Julia has two AST representations. First there is a surface syntax AST returned by the parser (e.g. the parse() function), and manipulated by macros. It is a structured representation of code as it is written, constructed by julia-parser.scm from a character stream. Next there is a lowered AST which is used by type inference and code generation. In the lowered form, there are generally fewer types of nodes, all macros are expanded, and all control flow is converted to explicit branches and sequences of statements. The lowered form is constructed by julia-syntax.scm.

First we will focus on the lowered form, since it is more important to the compiler. It is also less obvious to the human, since it results from a significant rearrangement of the input syntax.

Lowered form

The following data types exist in lowered ASTs:

Expr
has a node type indicated by the head field, and an args field which is a Vector{Any} of subexpressions.
Symbol
used to name local variables and static parameters within a function.
LambdaStaticData
wraps the AST of each function, including inner functions.
LineNumberNode
line number metadata
LabelNode
branch target, a consecutively-numbered integer starting at 0
GotoNode
unconditional branch
QuoteNode
wraps an arbitrary value to reference as data. For example, the function f() = :a contains a QuoteNode whose value field is the symbol a, in order to return the symbol itself instead of evaluating it.
GlobalRef
refers to global variable name in module mod
TopNode
forces a name to be resolved as a global in Base. This is now mostly redundant with GlobalRef(Base, :x).
SymbolNode
used to annotate a local variable with a type
GenSym
refers to a consecutively-numbered (starting at 0) static single assignment (SSA) variable inserted by the compiler.
NewvarNode
marks a point where a closed variable needs to have a new box allocated.

Expr types

These symbols appear in the head field of Exprs in lowered form.

call
function call. args[1] is the function to call, args[2:end] are the arguments.
line
line number and file name metadata. Unlike a LineNumberNode, can also contain a file name.
gotoifnot
conditional branch. If args[1] is false, goes to label identified in args[2].
=
assignment
method

adds a method to a generic function and assigns the result if necessary.

args[1] - function name (symbol), or a GlobalRef, or an Expr with head kw. In the (kw f) case, the method is actually a keyword argument sorting function for f.

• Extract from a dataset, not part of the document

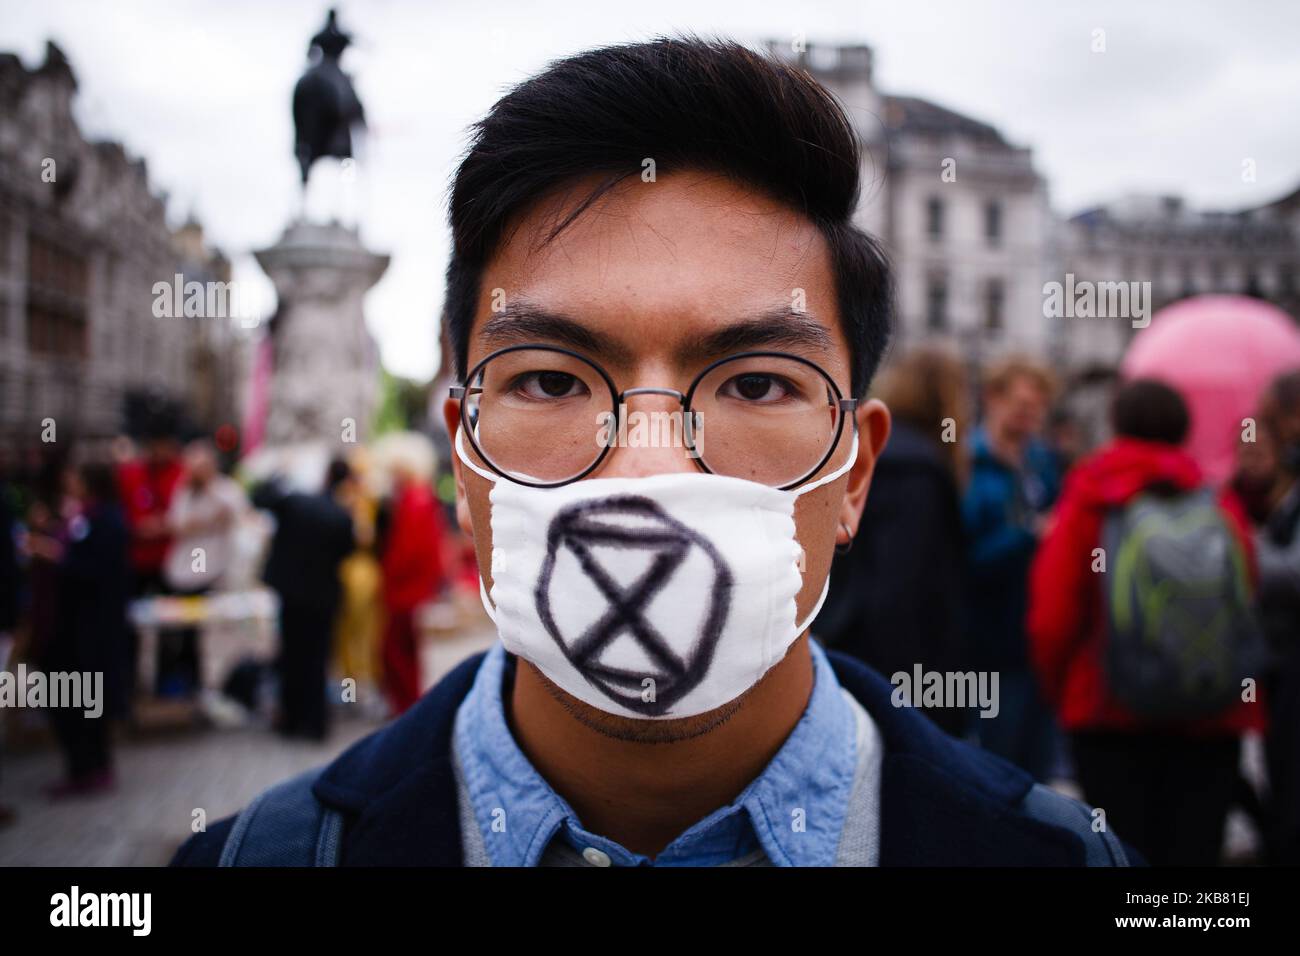 A member of climate change activist movement Extinction Rebellion (XR), wearing a face mask bearing the group's hourglass logo, poses for a picture in Trafalgar Square on the fourth day of the group's two-week 'International Rebellion' in London, England, on October 10, 2019. By lunchtime Thursday police had all but contained the demonstrations in Trafalgar Square and the roadways around it, where sizeable numbers of XR followers remained. A hearse carrying a coffin for 'Our Future', which had been parked at the Whitehall exit from the square since Monday, was removed early afternoon. (Photo b Stock Photo
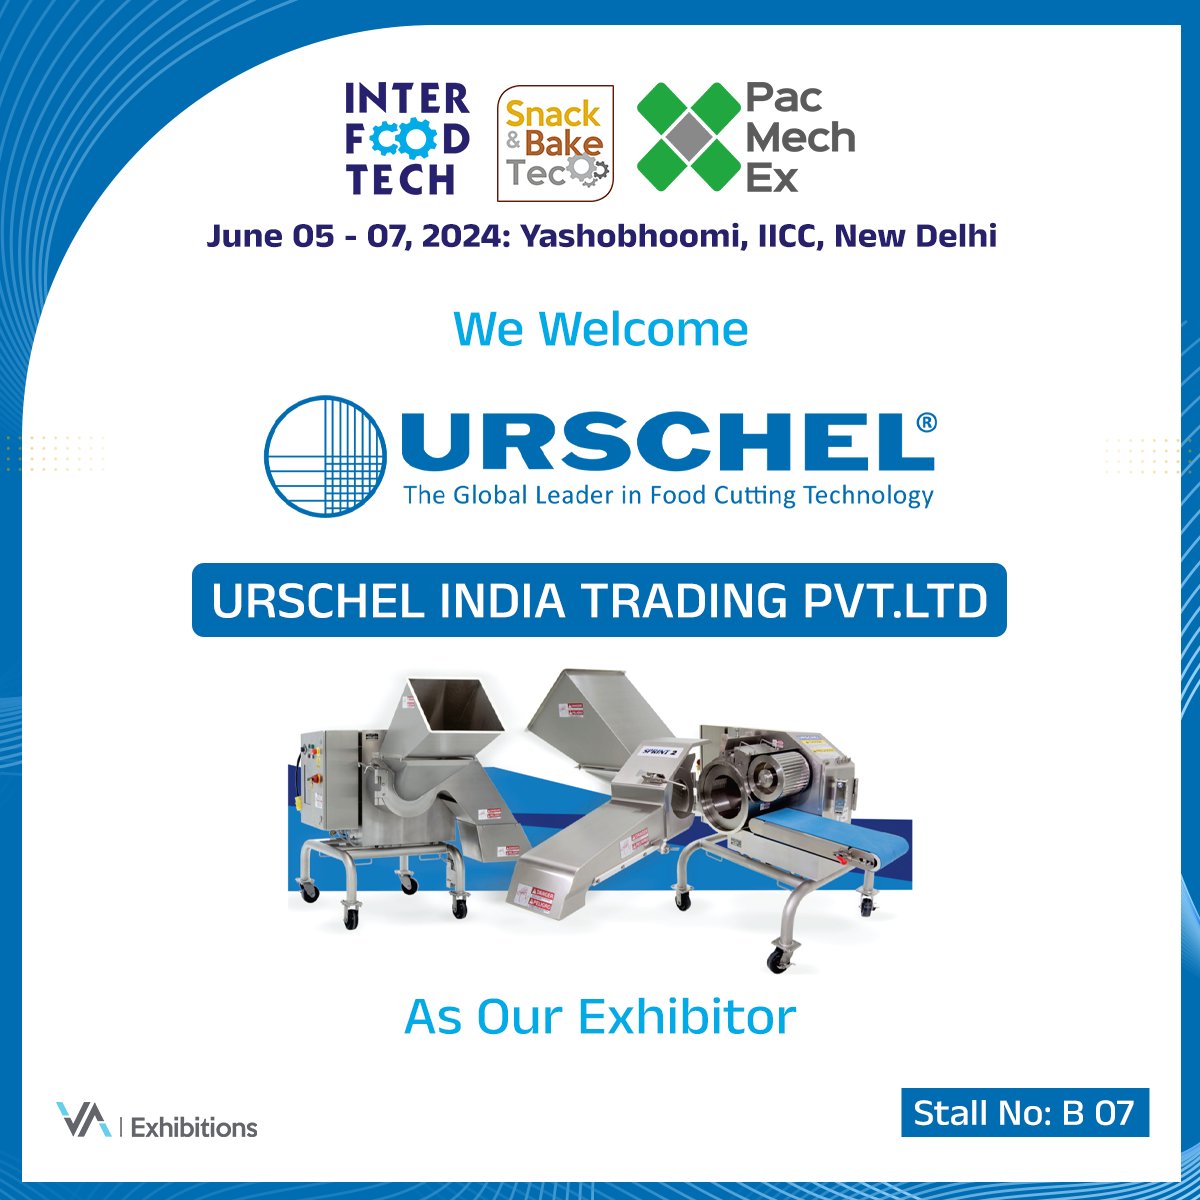 We welcome #Urschel INDIA as our esteemed exhibitor. 

URSCHEL is at the forefront of the food processing industry, known for their precision cutting equipment.

#Interfoodtech2024  #FoodProcessingInnovation #PrecisionCuttingEquipment #CuttingEdgeMachinery #FoodTechExpo

It will be stored instead in generic_function->env->kwsorter.

If method has only one argument, it corresponds to the form function foo end and only creates a function without adding any methods.

args[2] - a SimpleVector of argument type data. args[2][1] is a Tuple type of the argument types, and args[2][2] is a SimpleVector of type variables corresponding to the method’s static parameters.

args[3] - a LambdaStaticData of the method itself.

args[4] - true or false, identifying whether the method is staged (@generated function)

const
declares a (global) variable as constant
null
has no arguments; simply yields the value nothing
static_typeof
a horrible misfeature used to determine the result type of array comprehensions. Planned to be removed.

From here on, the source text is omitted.